The return for 1919 was filed on March 20, 1920, and prior to the expiration of the statutory period for assessment, but prior to the enactment of the Revenue Act of 1924, the assessment was made of the deficiency for that year. The statutory period for collection expired on March 20, 1925 (section 250 (d) of the Revenue Acts of 1918 and 1921). No waivers were filed for such year. An almost identical situation existed in the case of Phil Gleichman, 17 B. T. A. 147, with respect to the same year, where we held, on the authority of *418Russell v. United States, supra, that since the assessment was made prior to the passage of the 1924 Act and the period for assessment 'expired thereafter, but prior to the enactment of the Revenue Act of 1926, the collection of such assessment was barred at the time of the enactment of the Revenue Act of 1926. The notice of liability to the petitioner was mailed on January 14, 1927, and therefore under the same reasoning which we followed with respect to the return in this case for 1917 collection may not now be made from the petitioner. As to the deficiency for the three-month period ended March 31, 1921, the return was not filed until November 24, 1923, and the statutory period for collection thereunder was four years from the date the return was filed. (Section 250 (d) of the Revenue Act of 1921).
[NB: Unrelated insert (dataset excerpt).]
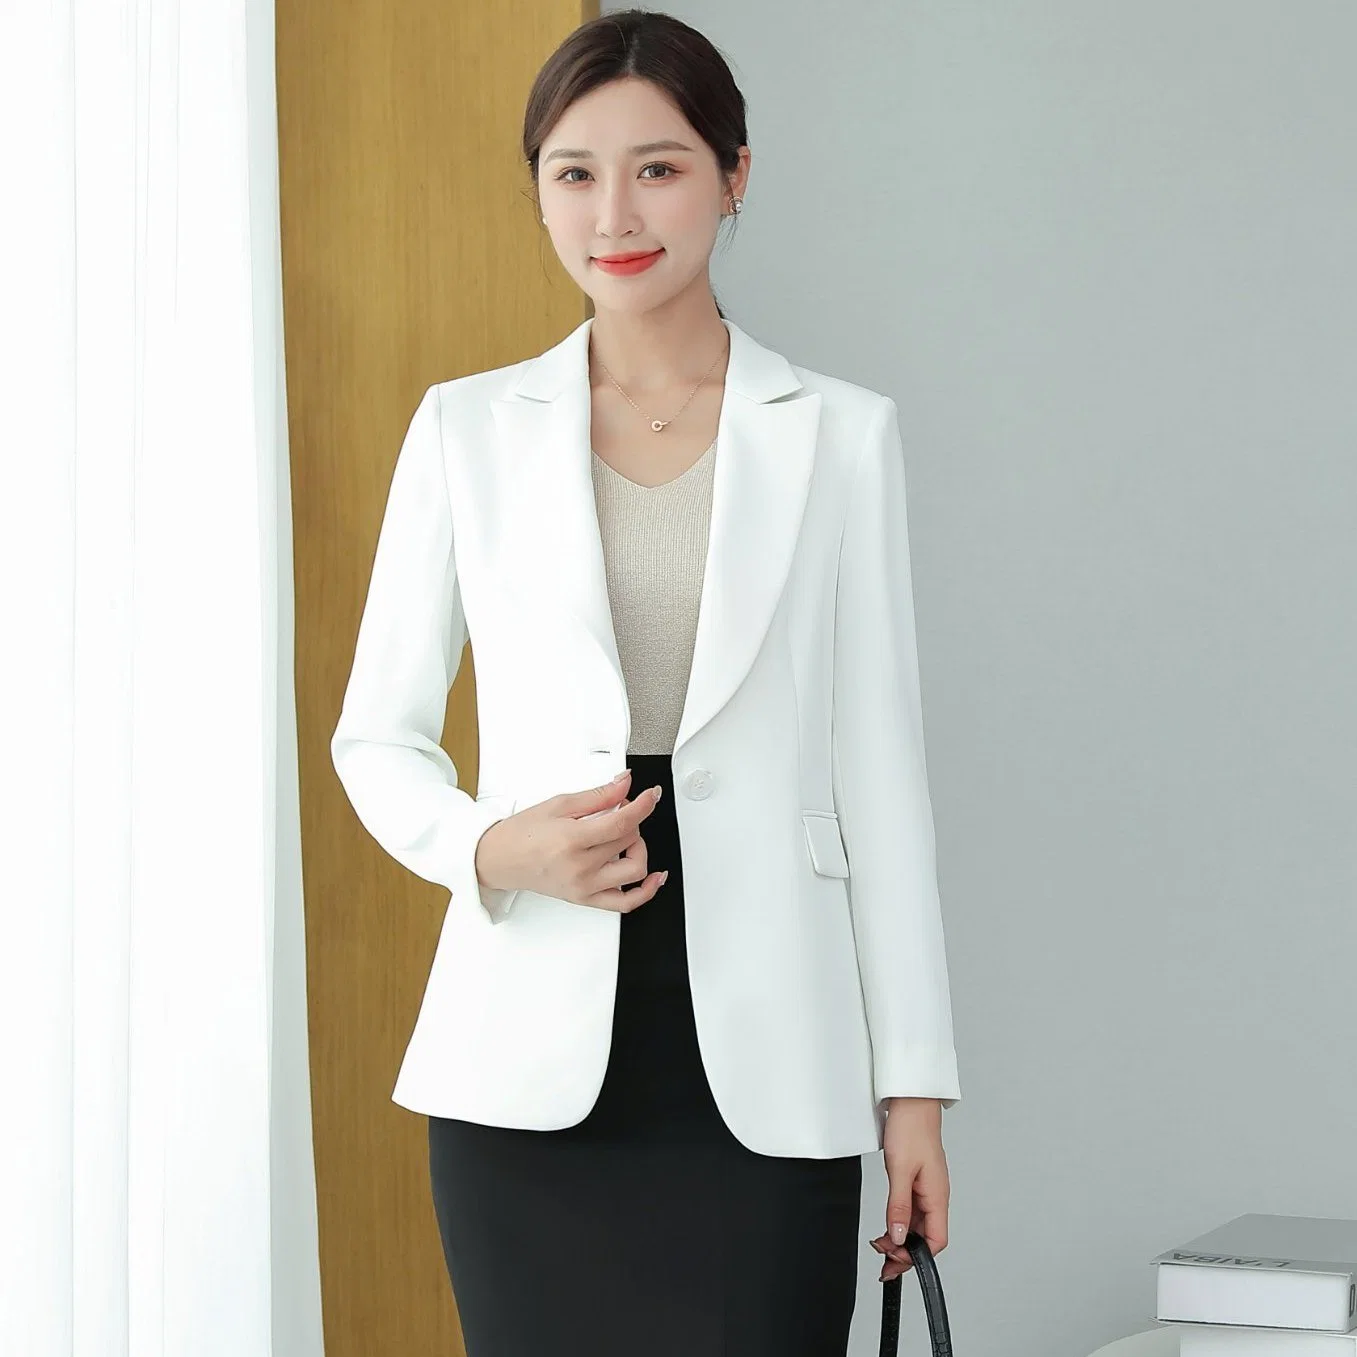 Senhoras Fashion Suit Business Suit White

The notice of liability to petitioner as transferee was mailed on January 14, 1927, or within one year after the passage of the Revenue Act of 1926. Since the four-year period did not expire until after the passage of the Revenue Act of 1926, the same reasoning which we applied with respect to the return in this case for 1918 makes necessary the conclusion that such deficiency is not now barred from collection from the petitioner.
Reviewed by the Board.
Judgment will be entered under Rule 50.